I can imagine completely 🙂
Oh yes, love these types of soups, hearty, earthy and wholesome. I’ve made some like these before, but I like the addition of your cremini mushrooms. I too love the NYT recipes.
I get the NYT emails as well as the actual paper version. I see so many of their recipes I don’t have time to branch out to my food magazines!
You completely sold it to me!! I need to make it right now 🙂
Great! 🙂 You will enjoy it!
Hey Josette, looks like you and I are co-hosting FF this week, are you okay with commenting on the even number links and I’ll comment on the odd numbers?
Perfect! Thanks, Lily. Happy to be co-hosting with you. 🙂
You wouldn’t believe how many soups of yours I have on my list to make!

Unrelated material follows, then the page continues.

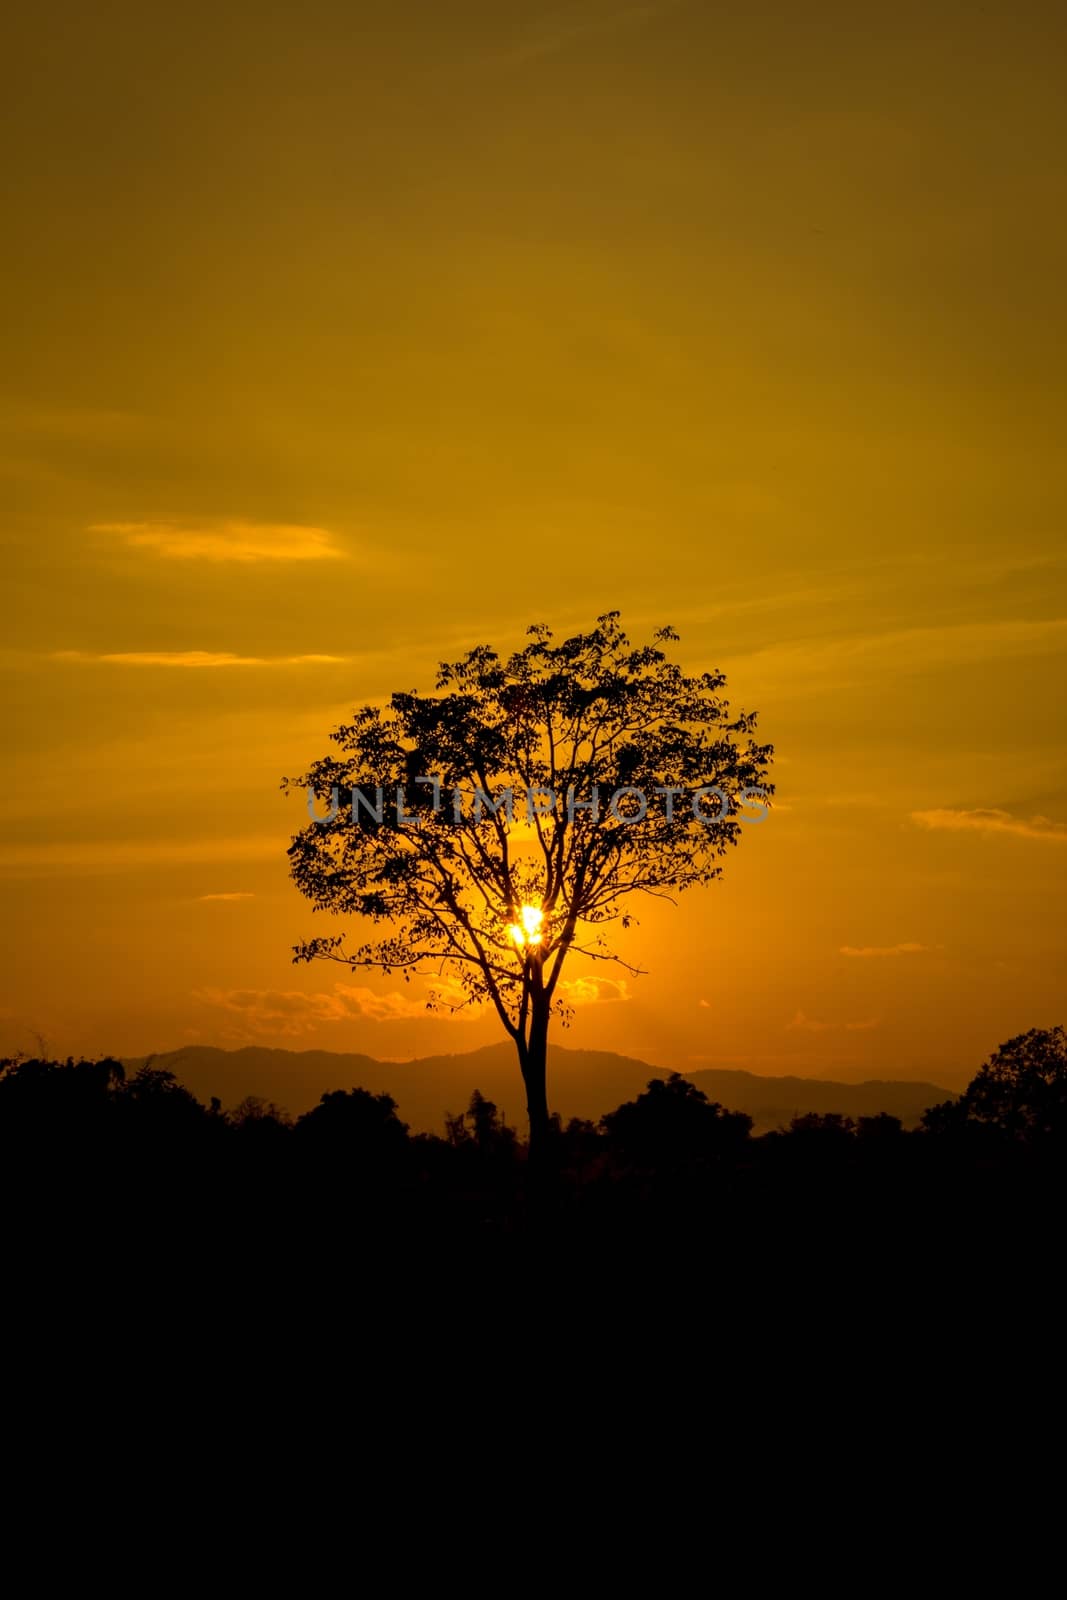 Beautiful landscape image with sun and trees silhouette at sunset.

Now I just need to go make them. 😀 I would just love this soup, extra lime and all!
You are so kind to me! ❤ BTW- I have a couple more soups to post before the weather warms up. 😉
Such a hearty soup. Love all the wonderful spices in it. 🙂
Thank you so much, Ronit.
I never would think to make a soup from mushrooms and spinach, but I often have both ingredients in the crisper drawer! I bet my son, who is just starting table food, would enjoy it as well, spices and all.
I love to hear that about your son. 🙂 My son loves everything as well- he’s 11 now, but he has never been a picky eater. My daughter is much harder to please!
Looking at the ingredient list, I can almost smell the soup…almost…guess I’ll have to make it to get the full experience! Looks fabulous, Josette!
Thank you so much, Nancy. I love healthy dishes that are delicious! 🙂
My mouth is watering just looking at this recipe! This soup sounds amazing! I can imagine how good your house smelled. I will have to try this sometime!
This one is definitely a keeper. The pureed base is so silky and has the perfect contrast with the chunky mushrooms and wilted spinach. Mmmm! 🙂
Oh wow! I am LOVING all the spices and flavours in this soup! Just reading the list of ingredients is making me drool! It sounds amazing 🙂
Thank you for hosting FF this week!
Thank you so much, Dini. It was SO aromatic! 🙂 Happy FF & Have a great weekend!
This sounds like a lovely and hearty soup. Love the spices! I sometimes add cinnamon to a spaghetti-type red sauce, because of my love of middle eastern cuisine.
Adding cinnamon is a lovely idea. It really changes the entire flavor profile.